§ WHAT YOU WILL DO
Leave out the pictures and output the data verbatim.

§ RECORDED INFORMATION
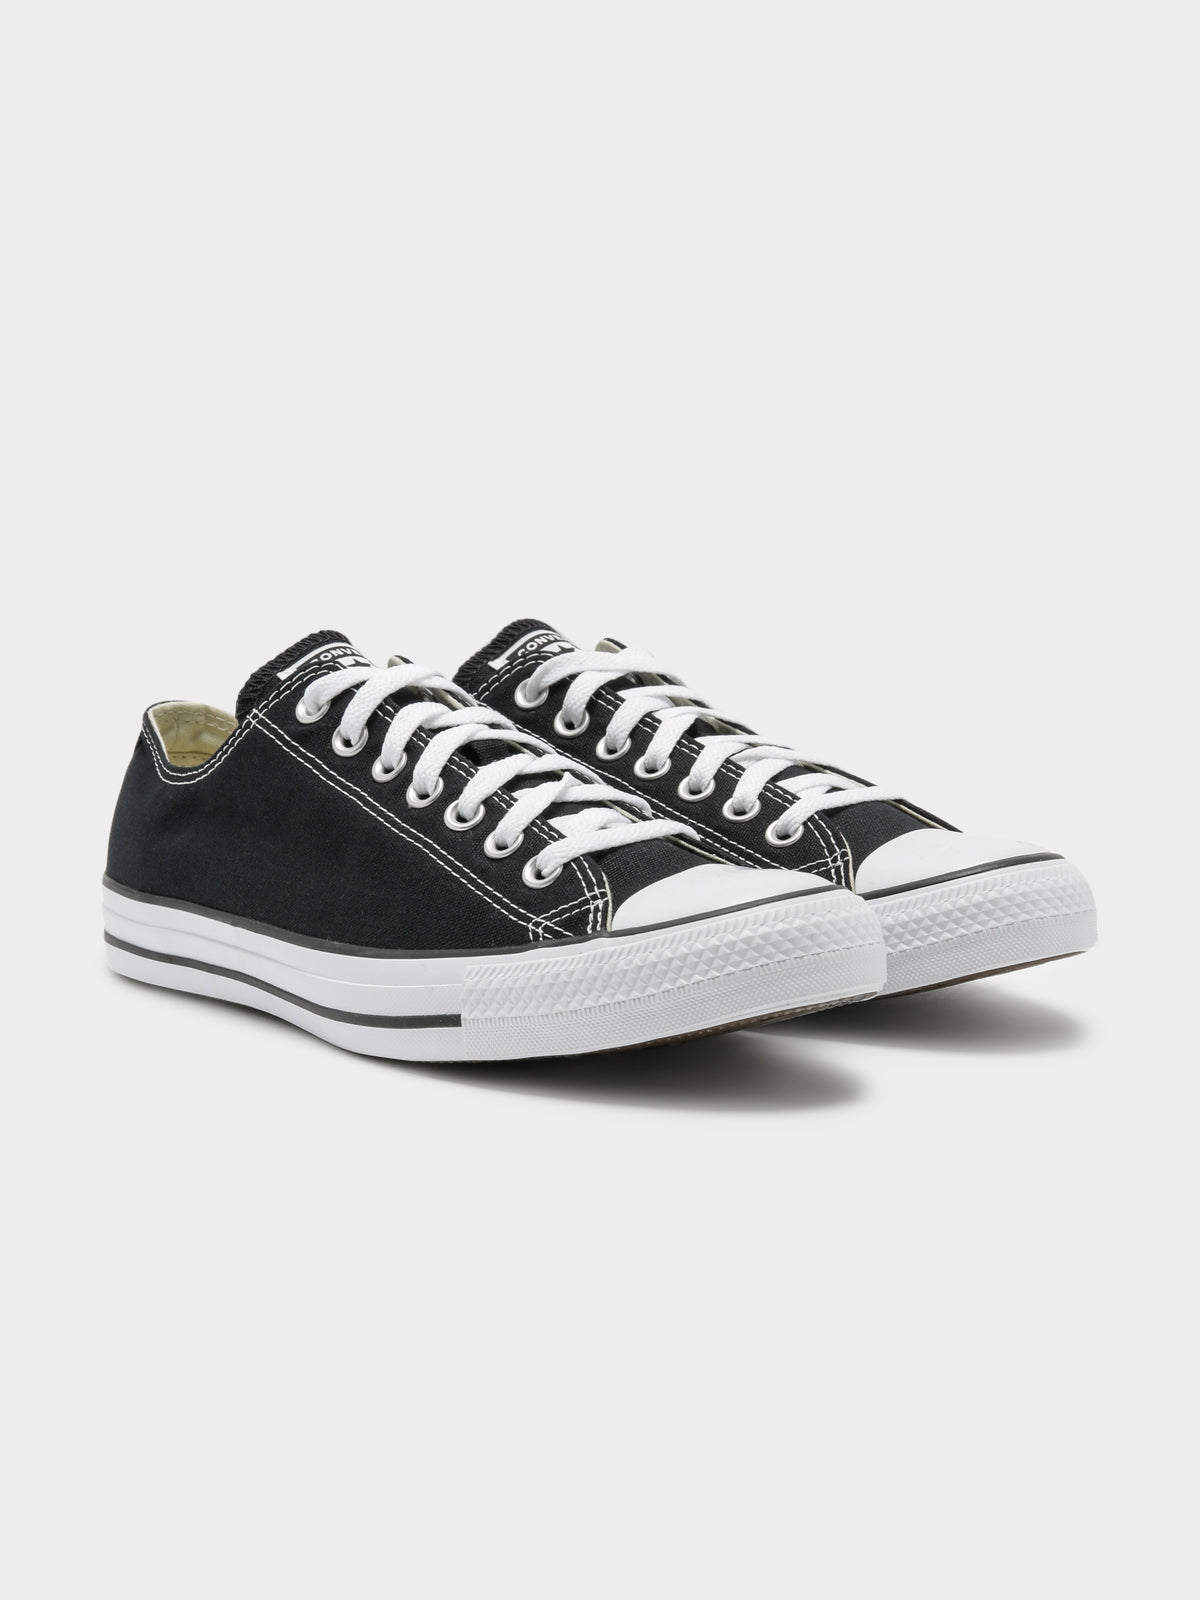 Unisex Chuck Taylor All Star Classic Low-Top Sneakers in Black
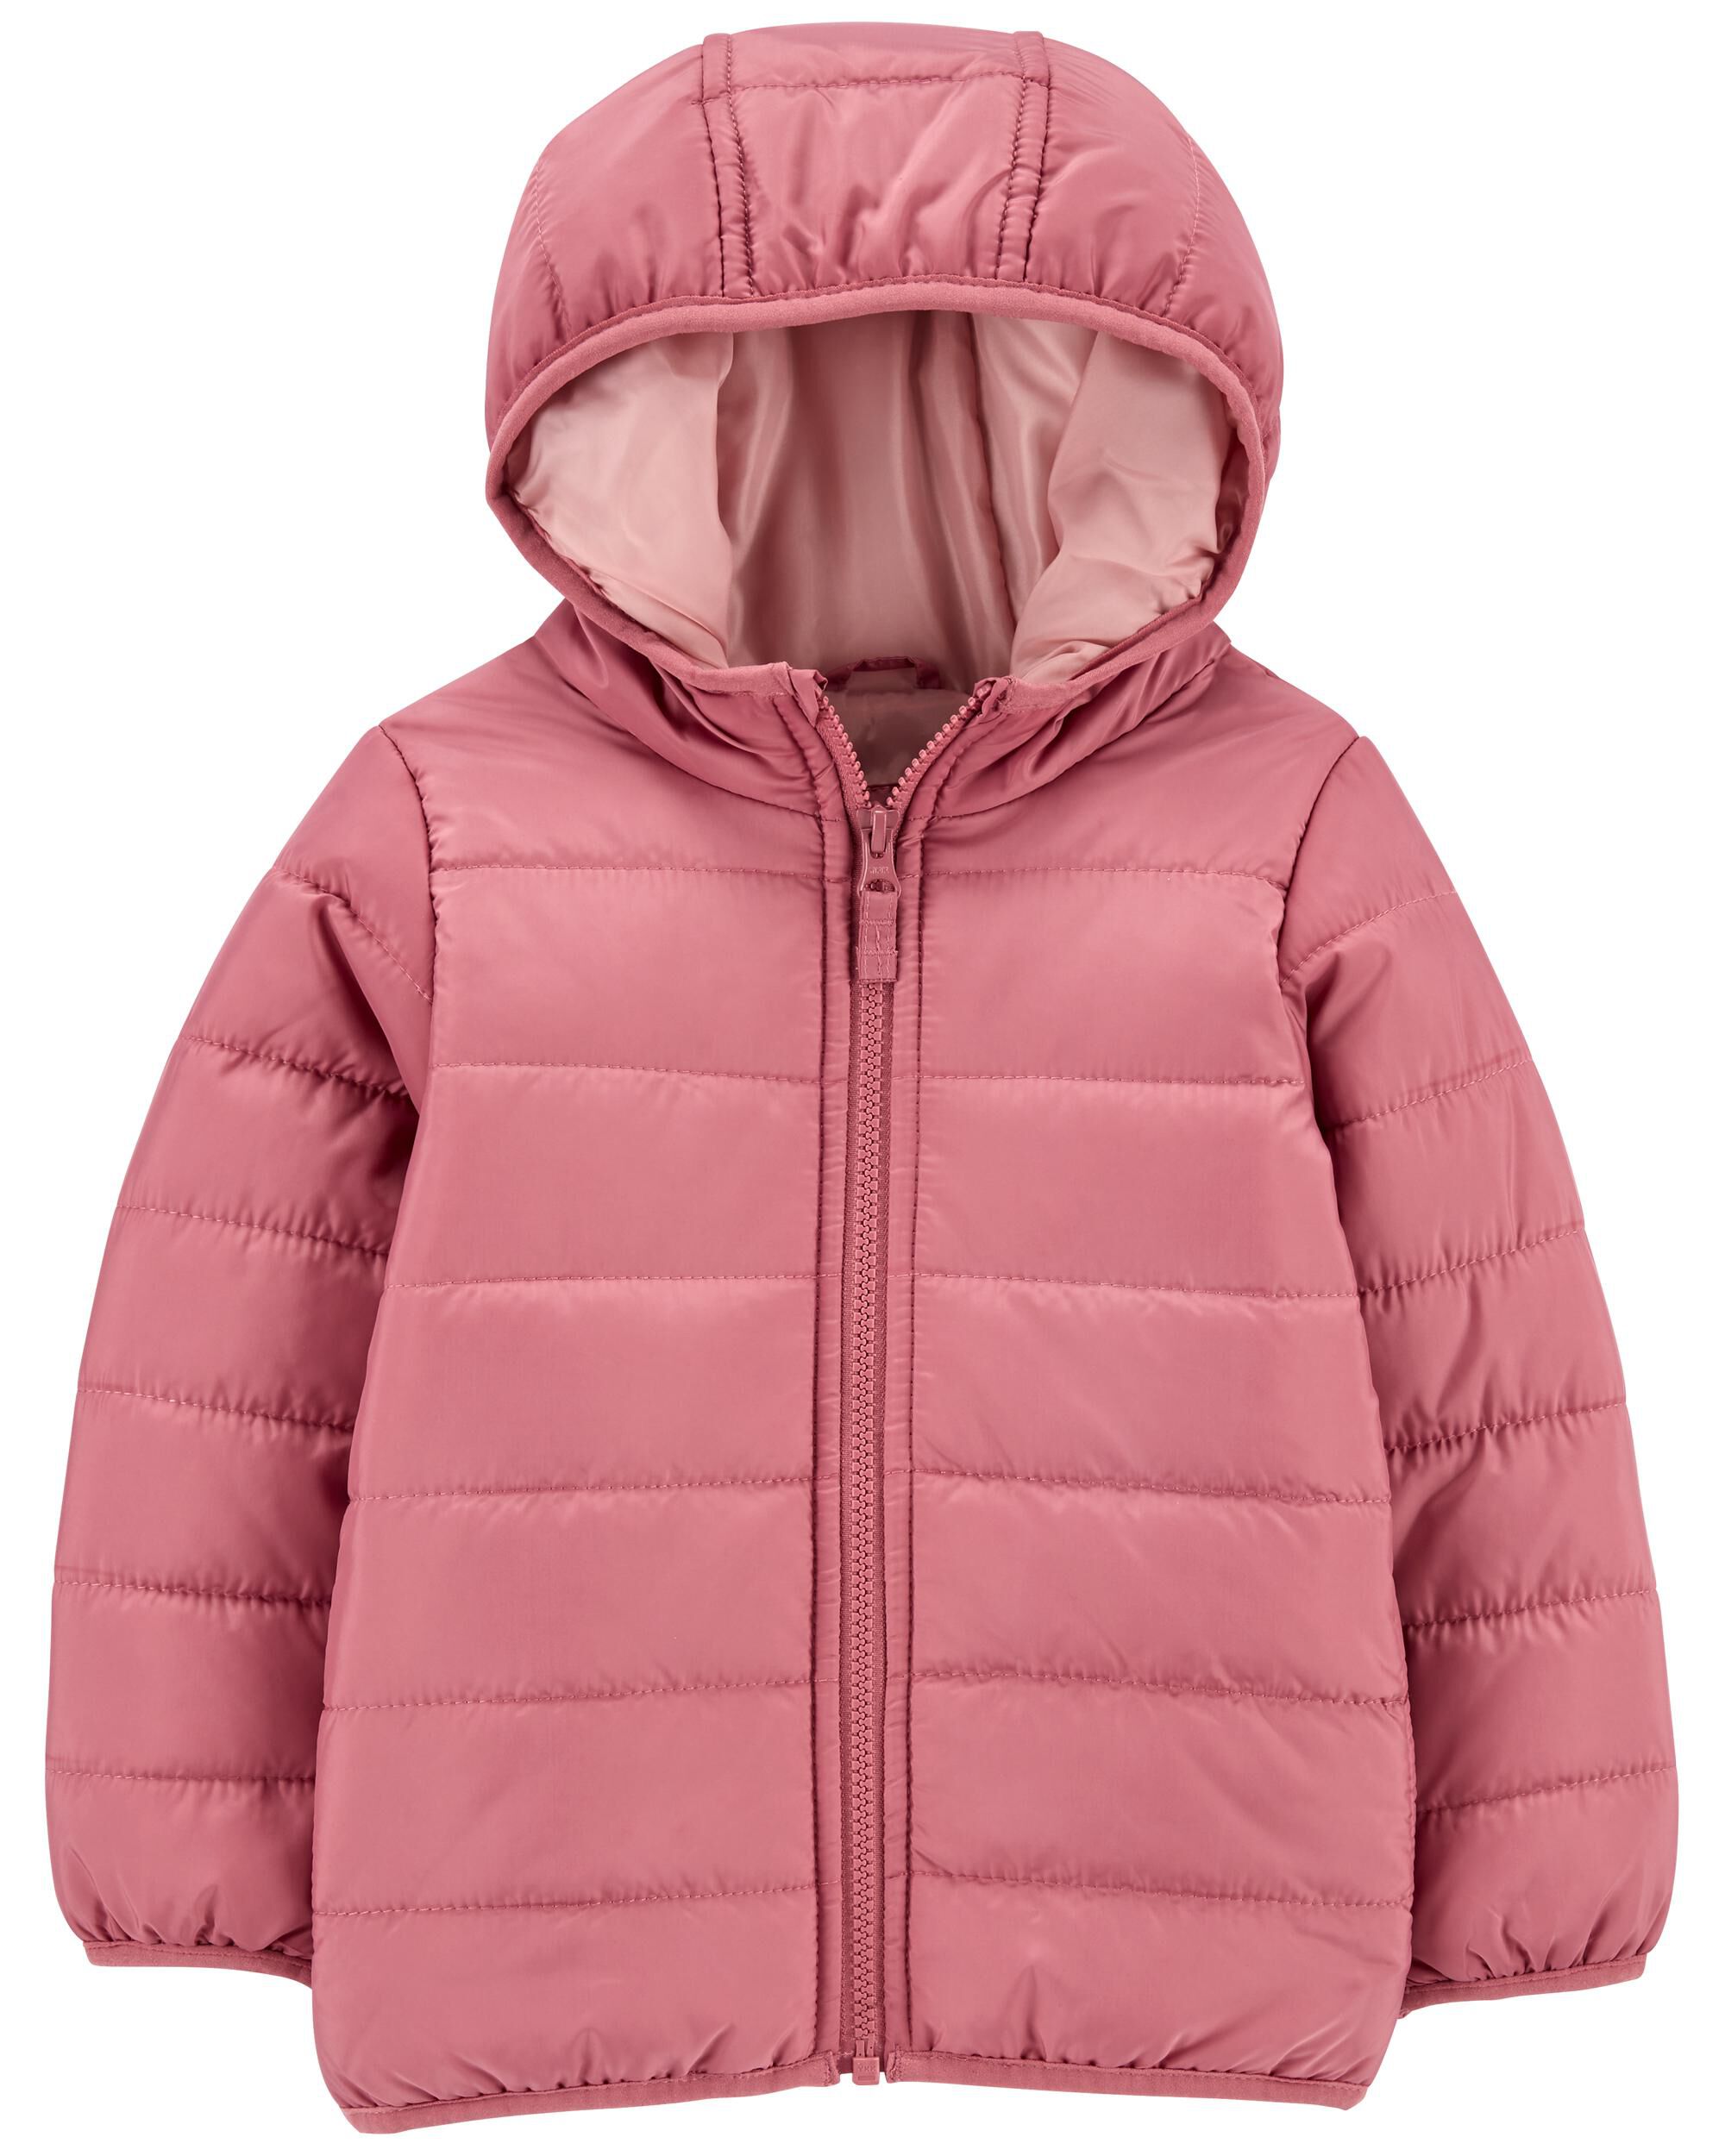 Toddler Girl Jackets & Outerwear | Carter's | Free Shipping
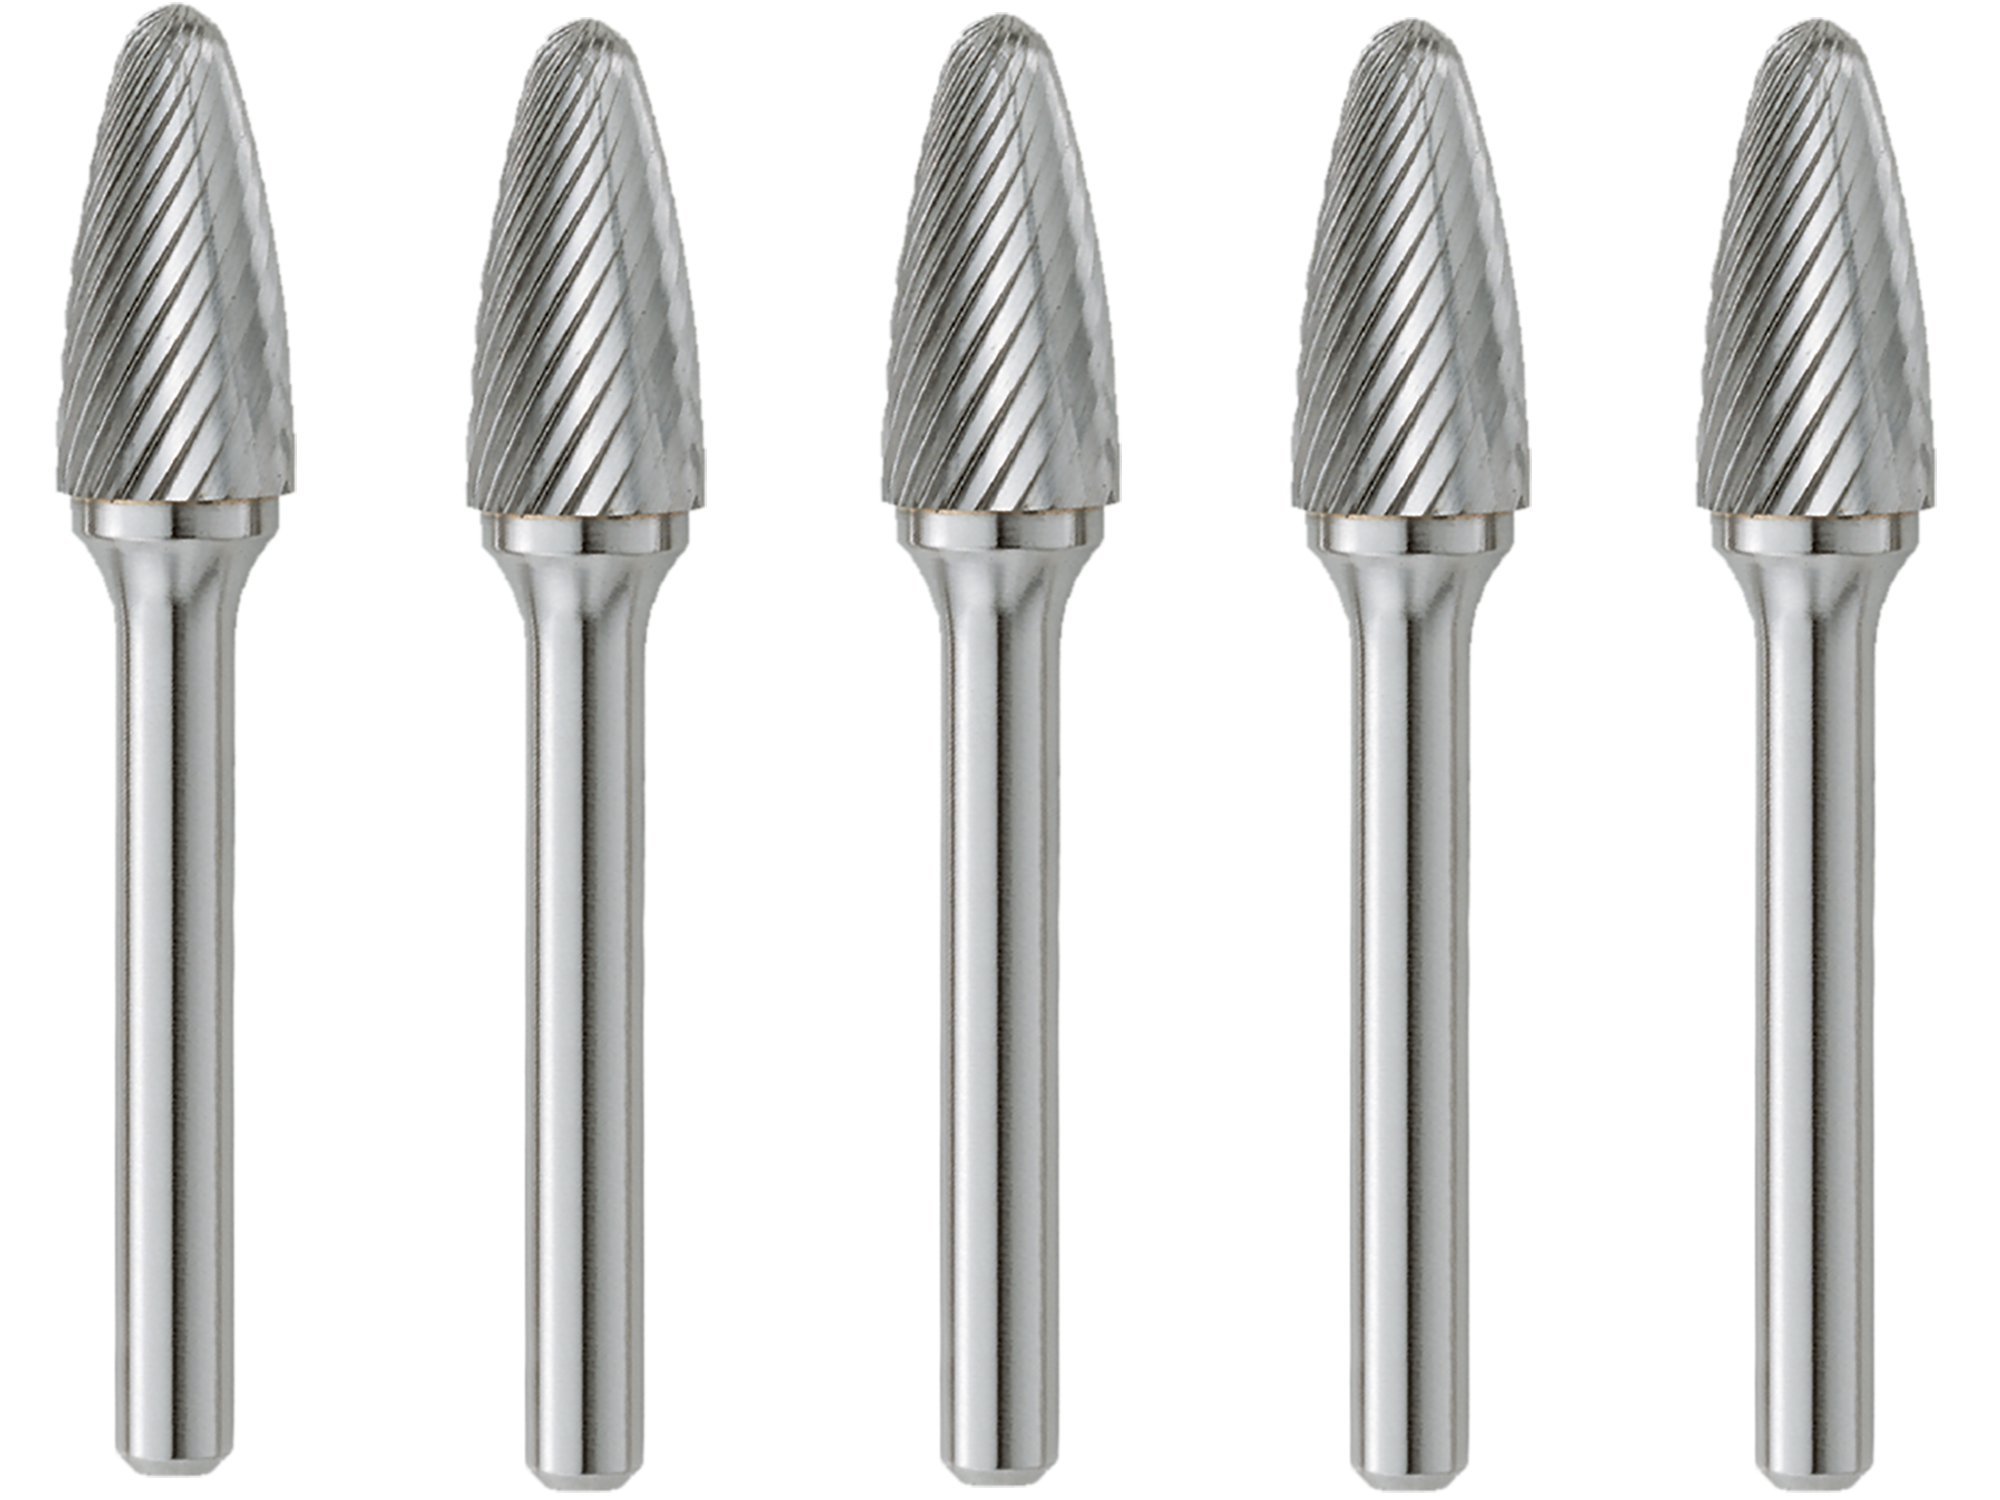 SF-14 Burr (5 Pack) 3/4" x 1-1/4" Cut Length x 2-1/2" OAL on 1/4" Shanks - The End Mill Store

§ WRITTEN ANSWER
 Unisex Chuck Taylor All Star Classic Low-Top Sneakers in Black
 Toddler Girl Jackets & Outerwear | Carter's | Free Shipping
 SF-14 Burr (5 Pack) 3/4" x 1-1/4" Cut Length x 2-1/2" OAL on 1/4" Shanks - The End Mill Store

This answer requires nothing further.